The UK Government has recently published a policy paper on its plans to support nutrient neutrality and reduce water pollution at its source.

These plans include measures to speed up the process for developers to acquire mitigation through a national mitigation scheme, reduce pollution and the cost of mitigation through introducing a new duty on water companies to upgrade wastewater treatment works, provide clarity for developers and local planning authorities, and restore protected sites.

The nutrient mitigation scheme will ease the process for developers

Achieving nutrient neutrality through mitigation will enable local planning authorities to grant permission for new residential development, although it may potentially involve greater costs and delays on some developments.

To support this, the government is introducing measures to ease the process for both developers and local planning authorities.

The first of the three pillars to support nutrient neutrality is the nutrient mitigation scheme. Established by Natural England, the scheme has £30 million of funding from the Department for Environment Food and Rural Affairs and the Department for Levelling Up, Housing and Communities (DLUHC).

Selling ‘nutrient credits’ to housebuilders will then recover this funding.

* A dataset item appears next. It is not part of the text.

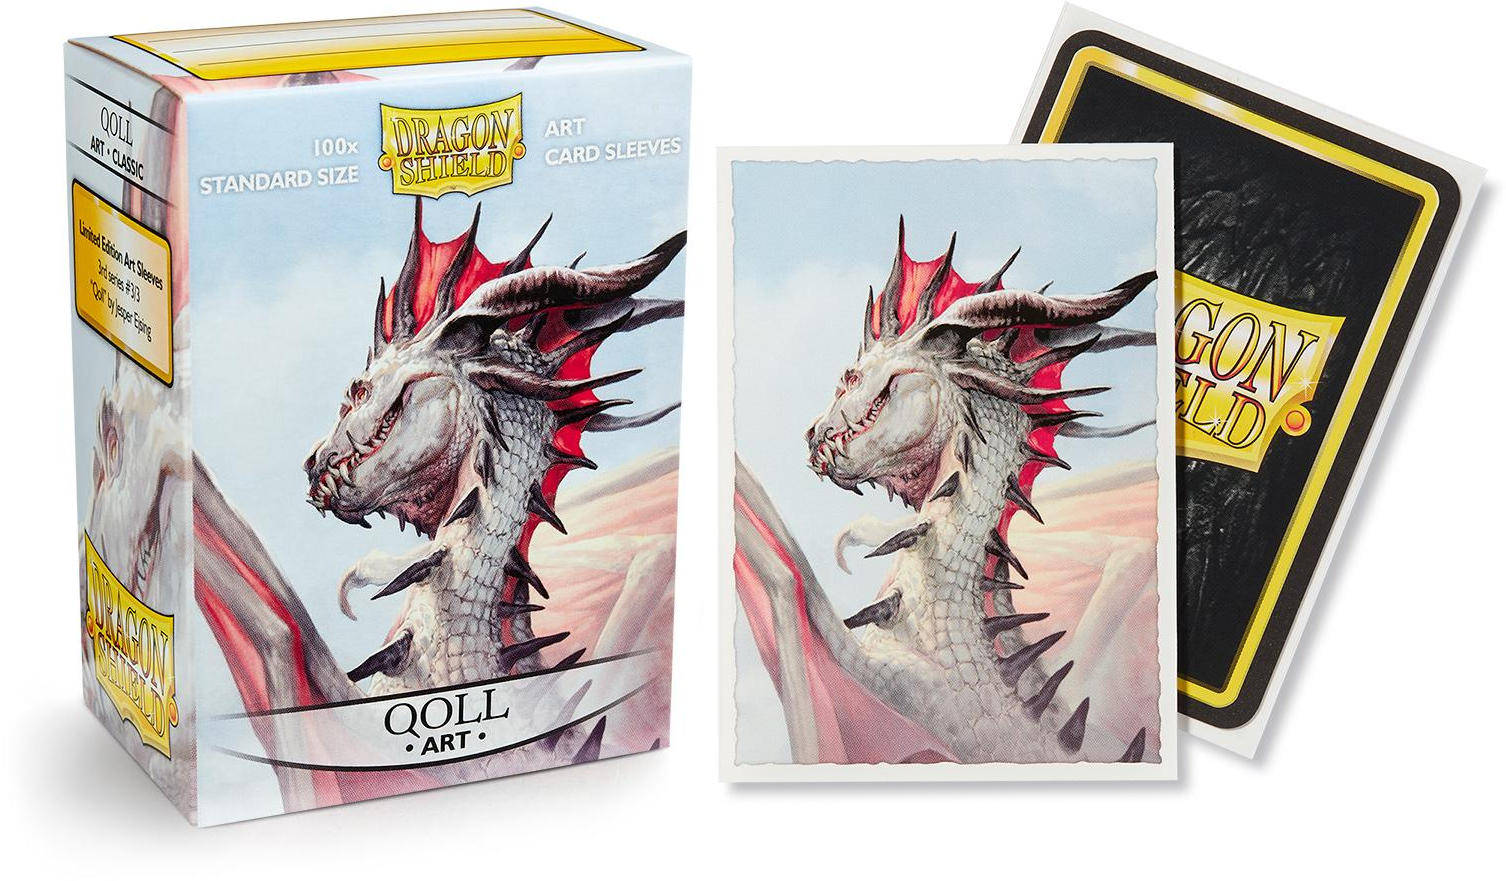 Dragon Shield Classic Art Standard-Size Sleeves - Qoll - 100ct

This will allow developers to meet their nutrient mitigation obligations and enable local planning authorities to grant planning permission.

It will help thousands of new homes to be built plus create new wetland and woodland habitats where nutrient neutrality guidance is in place.

These mitigation measures will be designed in a way that promotes nature recovery, improves access to green space, and maximises other benefits such as biodiversity.

The government will work with water companies to speed up upgrades

Reducing pollution and mitigation burden on new housing is the next pillar. Tackling nutrient pollution at the source will help to reduce pressure on protected sites and reduce mitigation burdens for new housing.

Funding will continue to be targeted on improving wastewater treatment works, with the stated aim to reduce wastewater pollution by 80 per cent by 2038. The new duty on water companies introduced through the Levelling Up and Regeneration Bill will work to upgrade wastewater treatment works in particularly badly affected areas.

Wherever possible, the government has outlined that it wants to see nature-based solutions forming part of upgrades. For example, water companies can use wetlands and reedbeds in combination with conventional techniques such as adding metal salts to wastewater to remove more nutrients from wastewater.

Where possible, and where it provides good value for public money, the government will also work with water companies to see where these upgrades could be sped up and created sooner.

Natural England to publish framework on mitigation projects

Finally, providing certainly is crucial to support nutrient neutrality. This is because the technical aspect of the work can create uncertainty around developer investment in nutrient neutrality.

The government is addressing this through catchment specific nutrient calculators which allow developers to calculate exactly the amount of mitigation required, tailored to specific local needs.

In addition, the UK Government have published a tool for assisting in the design of wetlands for nutrient mitigation, published guidance for mitigation providers on how environmental payments from biodiversity net gain and nutrient mitigation can be combined, and provided advice about nutrient neutrality and support in accessing the suitability of mitigation projects, through increased capacity in Natural England.

By the end of May, Natural England will be publishing a framework for assessing the effectiveness of mitigation projects with an associated reference tool.

Also, it will produce best practice guidance, supported by new guidance from the Environment Agency on wetland permitting, and from DLUHC, on clarifying planning practice in response to feedback from developers and local planning authorities.